= How to complete this task =
Each line below has to be output exactly, from first to last.

*** Begin section ***

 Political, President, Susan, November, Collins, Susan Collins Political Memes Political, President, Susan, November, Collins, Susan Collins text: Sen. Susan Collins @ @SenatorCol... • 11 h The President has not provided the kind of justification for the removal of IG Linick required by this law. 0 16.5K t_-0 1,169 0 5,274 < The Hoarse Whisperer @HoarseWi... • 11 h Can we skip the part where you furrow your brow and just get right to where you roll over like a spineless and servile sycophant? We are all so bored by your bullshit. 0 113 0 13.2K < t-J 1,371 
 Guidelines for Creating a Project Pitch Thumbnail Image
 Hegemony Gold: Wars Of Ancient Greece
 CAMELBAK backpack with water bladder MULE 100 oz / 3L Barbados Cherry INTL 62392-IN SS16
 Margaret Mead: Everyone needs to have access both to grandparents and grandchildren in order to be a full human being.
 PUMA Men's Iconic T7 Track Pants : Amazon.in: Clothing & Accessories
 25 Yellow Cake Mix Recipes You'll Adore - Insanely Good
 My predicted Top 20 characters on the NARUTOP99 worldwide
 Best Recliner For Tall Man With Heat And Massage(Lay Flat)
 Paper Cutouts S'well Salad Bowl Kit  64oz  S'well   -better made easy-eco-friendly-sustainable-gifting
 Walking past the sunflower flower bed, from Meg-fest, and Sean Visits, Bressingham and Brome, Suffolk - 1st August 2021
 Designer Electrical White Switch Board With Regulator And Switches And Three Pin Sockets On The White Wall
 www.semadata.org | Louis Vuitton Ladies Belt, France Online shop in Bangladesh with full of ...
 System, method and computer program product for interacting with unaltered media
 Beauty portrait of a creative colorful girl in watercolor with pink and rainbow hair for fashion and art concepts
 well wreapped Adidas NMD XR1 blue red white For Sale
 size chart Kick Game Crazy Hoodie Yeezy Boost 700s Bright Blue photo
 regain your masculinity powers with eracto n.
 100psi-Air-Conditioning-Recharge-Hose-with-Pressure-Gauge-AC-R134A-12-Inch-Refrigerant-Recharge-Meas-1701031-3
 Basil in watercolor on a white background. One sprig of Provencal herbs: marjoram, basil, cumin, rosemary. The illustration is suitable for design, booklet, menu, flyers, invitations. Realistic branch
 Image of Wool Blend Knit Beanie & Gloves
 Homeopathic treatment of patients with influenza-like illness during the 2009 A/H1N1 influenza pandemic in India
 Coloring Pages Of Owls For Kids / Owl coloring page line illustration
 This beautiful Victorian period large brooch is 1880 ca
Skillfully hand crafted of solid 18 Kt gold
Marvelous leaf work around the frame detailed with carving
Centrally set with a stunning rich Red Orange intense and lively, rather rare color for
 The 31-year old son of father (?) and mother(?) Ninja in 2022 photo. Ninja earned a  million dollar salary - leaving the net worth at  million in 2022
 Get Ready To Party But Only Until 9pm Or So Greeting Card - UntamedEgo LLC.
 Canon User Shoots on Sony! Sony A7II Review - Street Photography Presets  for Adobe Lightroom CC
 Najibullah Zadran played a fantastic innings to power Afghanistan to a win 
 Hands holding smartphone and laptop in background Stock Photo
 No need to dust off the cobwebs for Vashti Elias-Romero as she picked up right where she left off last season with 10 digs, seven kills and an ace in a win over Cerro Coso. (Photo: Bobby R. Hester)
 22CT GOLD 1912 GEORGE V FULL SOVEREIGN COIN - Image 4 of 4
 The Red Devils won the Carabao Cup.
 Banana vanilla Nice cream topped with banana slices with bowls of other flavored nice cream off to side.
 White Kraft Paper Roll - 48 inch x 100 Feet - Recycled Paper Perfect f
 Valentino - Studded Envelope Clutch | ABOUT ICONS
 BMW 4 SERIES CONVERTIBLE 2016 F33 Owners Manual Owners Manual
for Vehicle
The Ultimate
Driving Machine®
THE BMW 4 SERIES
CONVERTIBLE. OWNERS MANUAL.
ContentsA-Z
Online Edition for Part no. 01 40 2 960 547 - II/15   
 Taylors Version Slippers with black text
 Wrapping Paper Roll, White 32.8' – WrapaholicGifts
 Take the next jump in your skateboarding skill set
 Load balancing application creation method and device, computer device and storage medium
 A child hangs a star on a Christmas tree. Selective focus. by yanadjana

*** End section ***

= Output for this task =
 Political, President, Susan, November, Collins, Susan Collins Political Memes Political, President, Susan, November, Collins, Susan Collins text: Sen. Susan Collins @ @SenatorCol... • 11 h The President has not provided the kind of justification for the removal of IG Linick required by this law. 0 16.5K t_-0 1,169 0 5,274 < The Hoarse Whisperer @HoarseWi... • 11 h Can we skip the part where you furrow your brow and just get right to where you roll over like a spineless and servile sycophant? We are all so bored by your bullshit. 0 113 0 13.2K < t-J 1,371 
 Guidelines for Creating a Project Pitch Thumbnail Image
 Hegemony Gold: Wars Of Ancient Greece
 CAMELBAK backpack with water bladder MULE 100 oz / 3L Barbados Cherry INTL 62392-IN SS16
 Margaret Mead: Everyone needs to have access both to grandparents and grandchildren in order to be a full human being.
 PUMA Men's Iconic T7 Track Pants : Amazon.in: Clothing & Accessories
 25 Yellow Cake Mix Recipes You'll Adore - Insanely Good
 My predicted Top 20 characters on the NARUTOP99 worldwide
 Best Recliner For Tall Man With Heat And Massage(Lay Flat)
 Paper Cutouts S'well Salad Bowl Kit  64oz  S'well   -better made easy-eco-friendly-sustainable-gifting
 Walking past the sunflower flower bed, from Meg-fest, and Sean Visits, Bressingham and Brome, Suffolk - 1st August 2021
 Designer Electrical White Switch Board With Regulator And Switches And Three Pin Sockets On The White Wall
 www.semadata.org | Louis Vuitton Ladies Belt, France Online shop in Bangladesh with full of ...
 System, method and computer program product for interacting with unaltered media
 Beauty portrait of a creative colorful girl in watercolor with pink and rainbow hair for fashion and art concepts
 well wreapped Adidas NMD XR1 blue red white For Sale
 size chart Kick Game Crazy Hoodie Yeezy Boost 700s Bright Blue photo
 regain your masculinity powers with eracto n.
 100psi-Air-Conditioning-Recharge-Hose-with-Pressure-Gauge-AC-R134A-12-Inch-Refrigerant-Recharge-Meas-1701031-3
 Basil in watercolor on a white background. One sprig of Provencal herbs: marjoram, basil, cumin, rosemary. The illustration is suitable for design, booklet, menu, flyers, invitations. Realistic branch
 Image of Wool Blend Knit Beanie & Gloves
 Homeopathic treatment of patients with influenza-like illness during the 2009 A/H1N1 influenza pandemic in India
 Coloring Pages Of Owls For Kids / Owl coloring page line illustration
 This beautiful Victorian period large brooch is 1880 ca
Skillfully hand crafted of solid 18 Kt gold
Marvelous leaf work around the frame detailed with carving
Centrally set with a stunning rich Red Orange intense and lively, rather rare color for
 The 31-year old son of father (?) and mother(?) Ninja in 2022 photo. Ninja earned a  million dollar salary - leaving the net worth at  million in 2022
 Get Ready To Party But Only Until 9pm Or So Greeting Card - UntamedEgo LLC.
 Canon User Shoots on Sony! Sony A7II Review - Street Photography Presets  for Adobe Lightroom CC
 Najibullah Zadran played a fantastic innings to power Afghanistan to a win 
 Hands holding smartphone and laptop in background Stock Photo
 No need to dust off the cobwebs for Vashti Elias-Romero as she picked up right where she left off last season with 10 digs, seven kills and an ace in a win over Cerro Coso. (Photo: Bobby R. Hester)
 22CT GOLD 1912 GEORGE V FULL SOVEREIGN COIN - Image 4 of 4
 The Red Devils won the Carabao Cup.
 Banana vanilla Nice cream topped with banana slices with bowls of other flavored nice cream off to side.
 White Kraft Paper Roll - 48 inch x 100 Feet - Recycled Paper Perfect f
 Valentino - Studded Envelope Clutch | ABOUT ICONS
 BMW 4 SERIES CONVERTIBLE 2016 F33 Owners Manual Owners Manual
for Vehicle
The Ultimate
Driving Machine®
THE BMW 4 SERIES
CONVERTIBLE. OWNERS MANUAL.
ContentsA-Z
Online Edition for Part no. 01 40 2 960 547 - II/15   
 Taylors Version Slippers with black text
 Wrapping Paper Roll, White 32.8' – WrapaholicGifts
 Take the next jump in your skateboarding skill set
 Load balancing application creation method and device, computer device and storage medium
 A child hangs a star on a Christmas tree. Selective focus. by yanadjana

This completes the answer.